The daily bag limit is 20 light geese with no possession limit. All state refuges will be open to hunting, except Wall Lake State Game Bird Refuge in Hand County, Silver Lake Waterfowl Refuge in Hutchinson County and Oahe Dam, Big Bend Dam and Fort Randall Dam State Waterfowl Refuges on the Missouri River. "Some of the refuges being opened do include privately-owned land, which means that hunters will need permission to hunt that land," Vaa noted.

Resident license requirements include either a combination or small game license, plus a state migratory bird stamp. Nonresidents need a nonresident snow goose license, which will be available from license agents around the state. Hunters can also purchase a license online by visiting the department's website at www.sdgfp.info. From there, look under the subheading "Licenses and Reservations" for the link titled "Buy General Hunting/Fishing Licenses."

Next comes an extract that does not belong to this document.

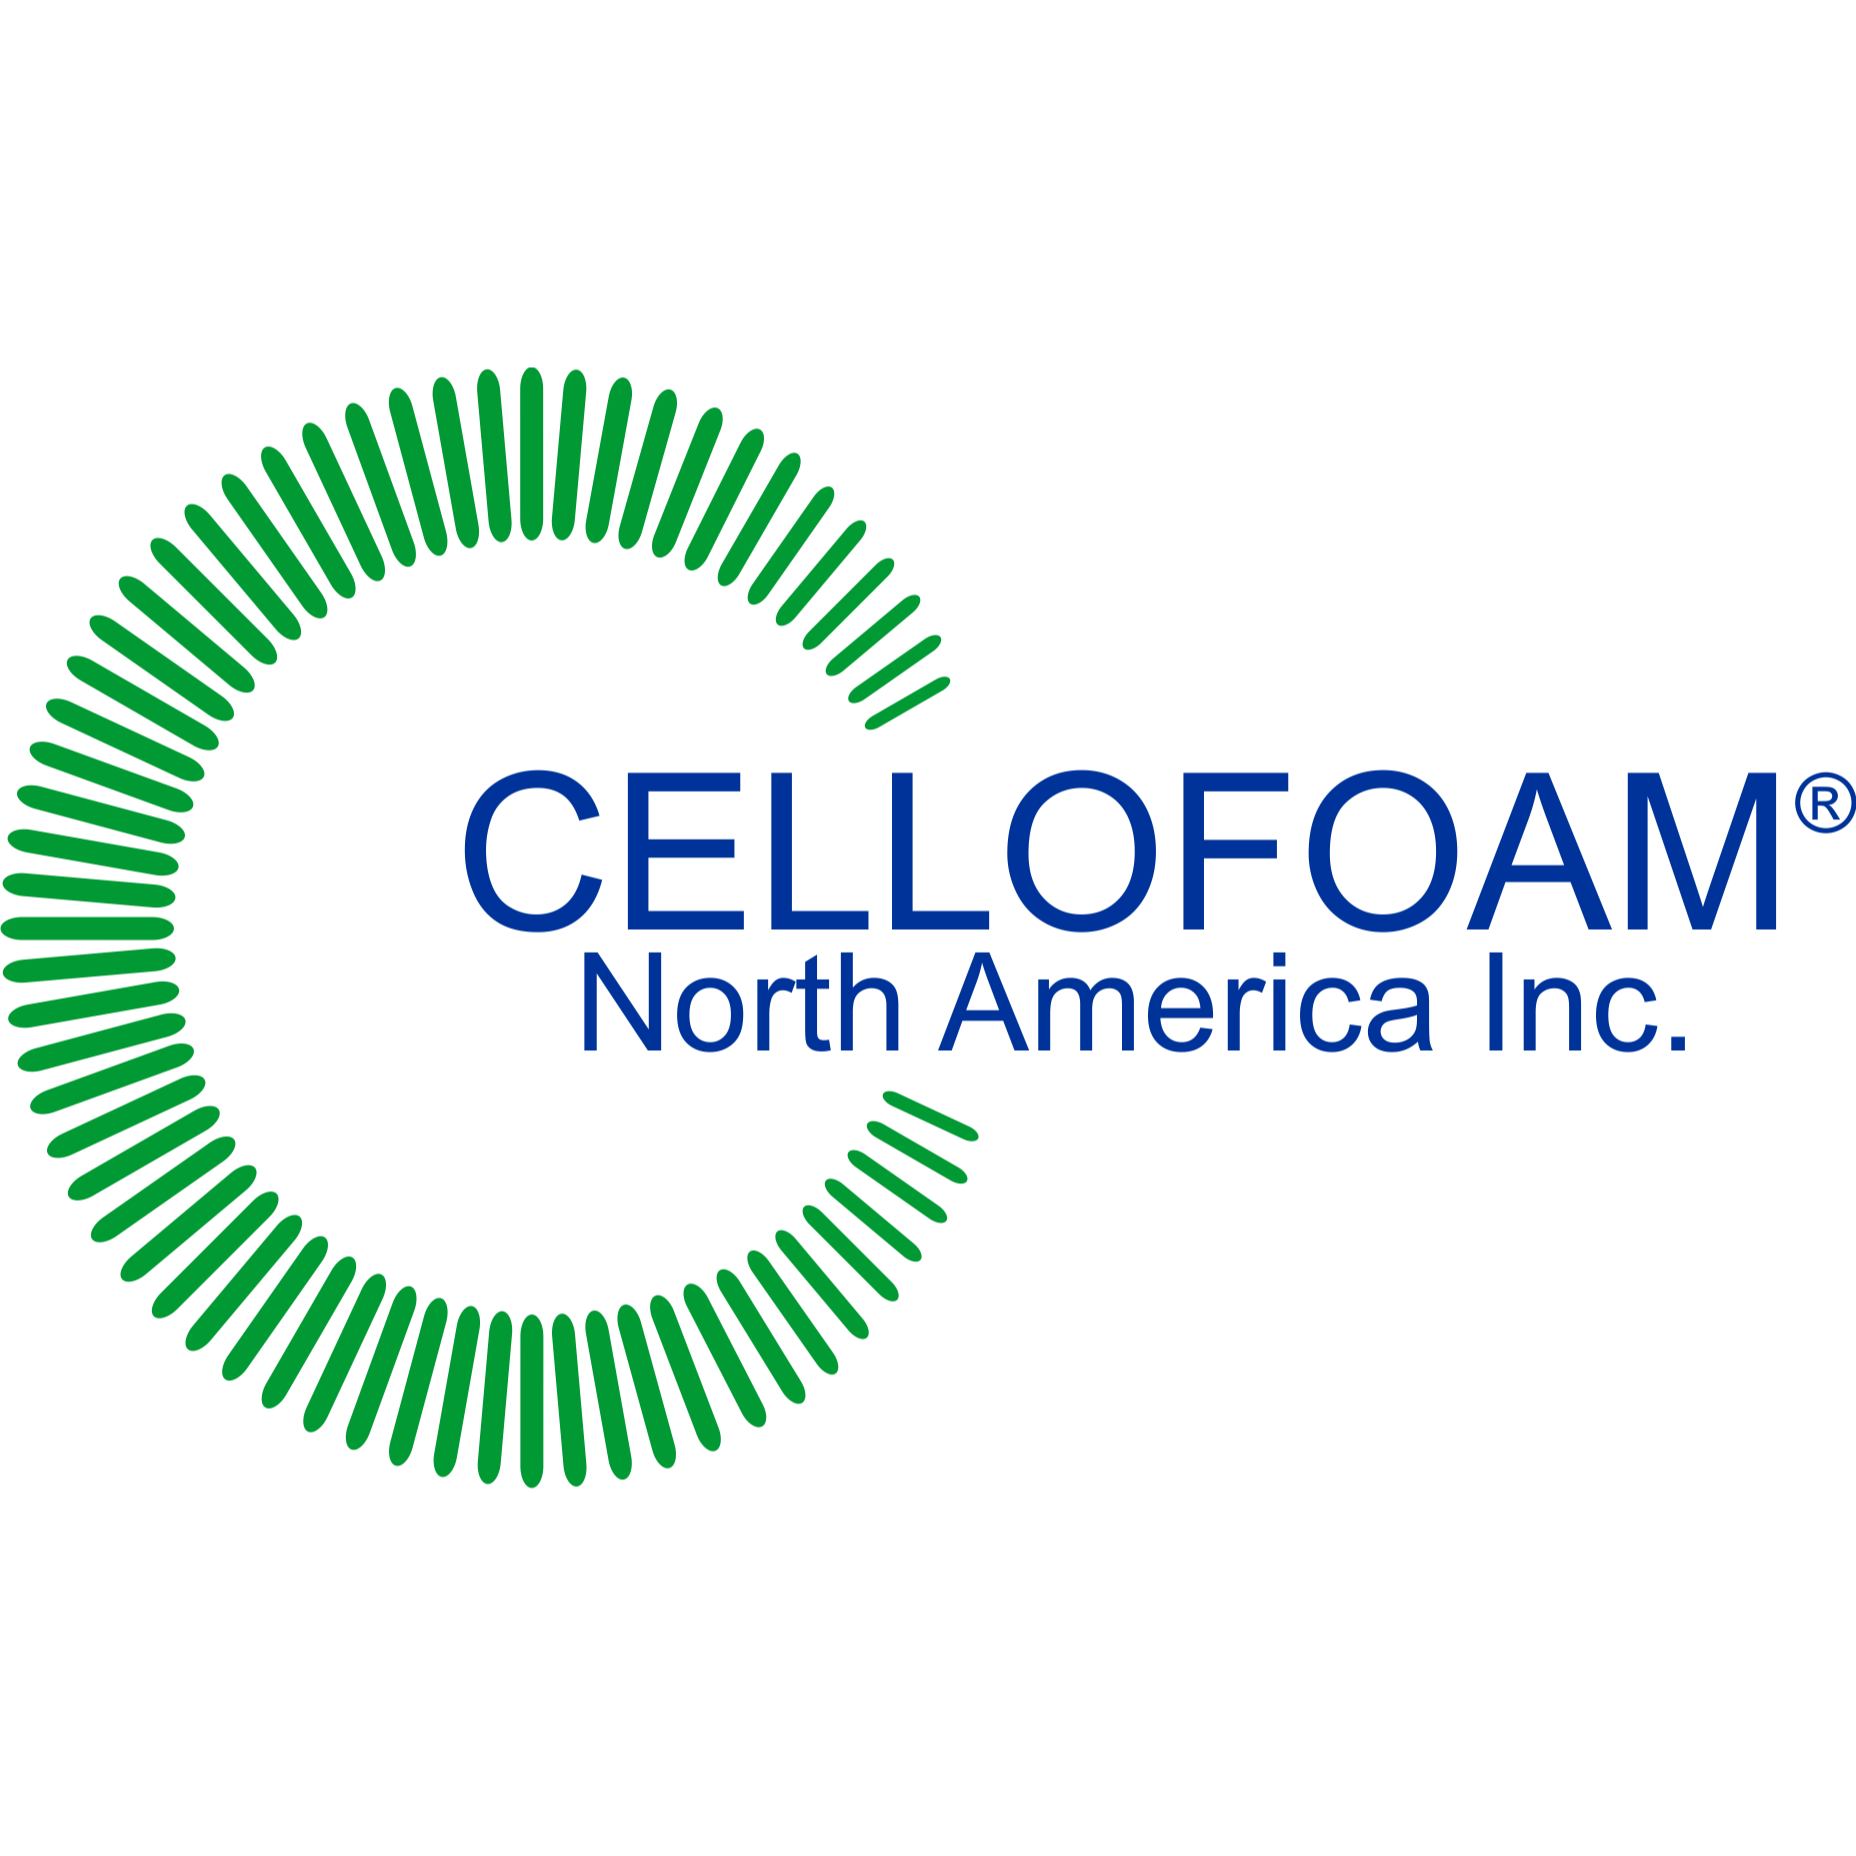 Cellofoam North America Inc.
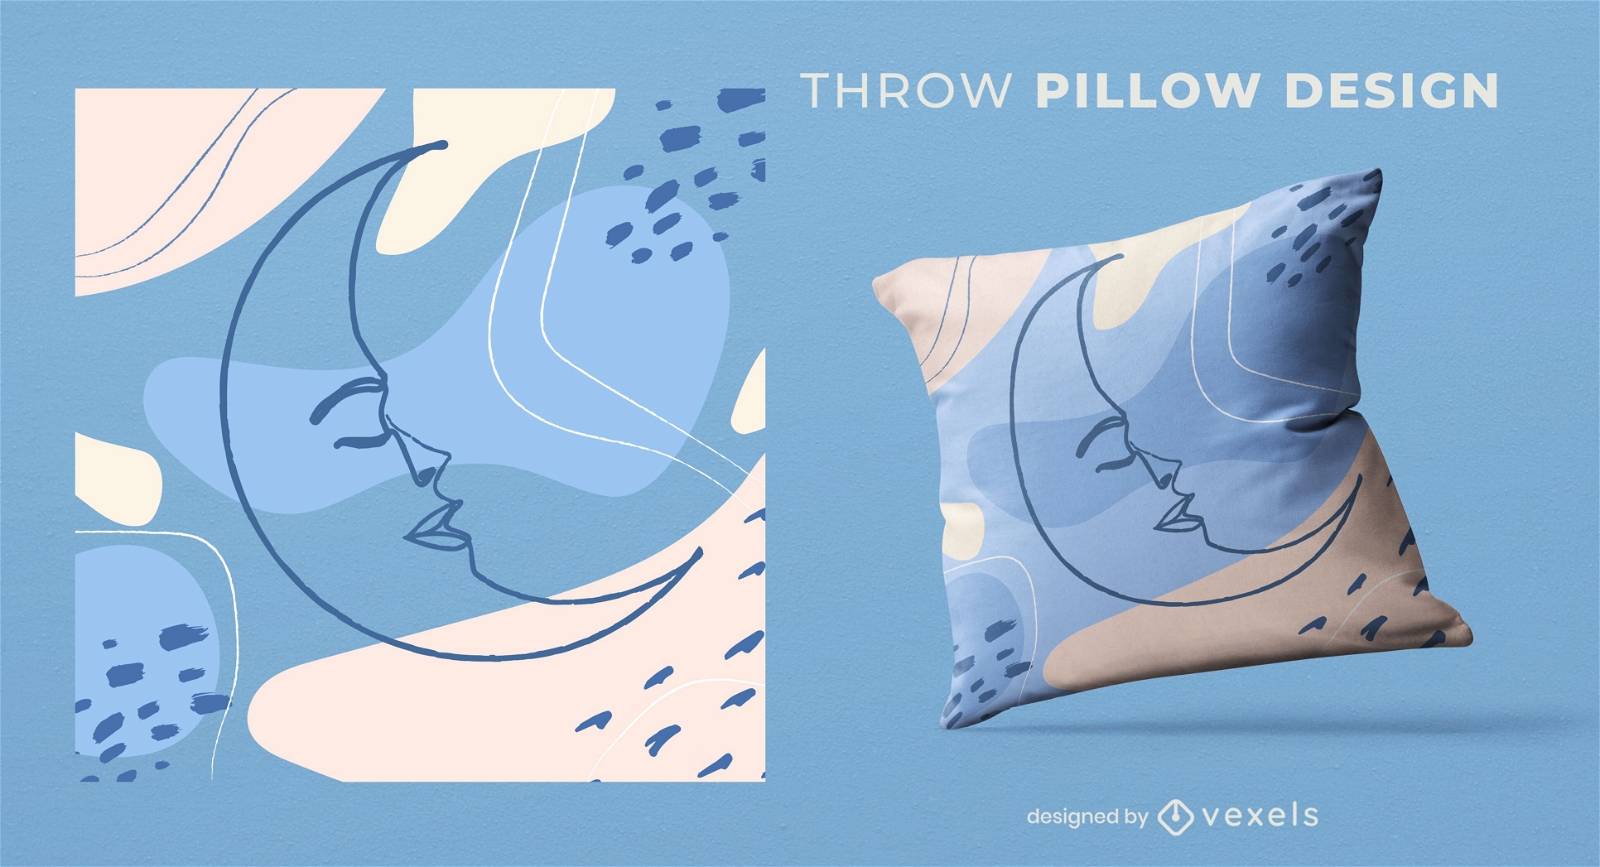 Abstract moon throw pillow design

The federal waterfowl stamp is not required, since this is a conservation order and not a regular waterfowl season.

Harvest of light geese in South Dakota has averaged 79,041 annually since the first Conservation Order in 1999. South Dakota is an important player in continental efforts to reduce the population of mid-continent light geese.

-GFP-


----------



## mallardhunter (May 15, 2004)

all the refuges are open  awsome!


----------



## 870 XPRS (Mar 12, 2003)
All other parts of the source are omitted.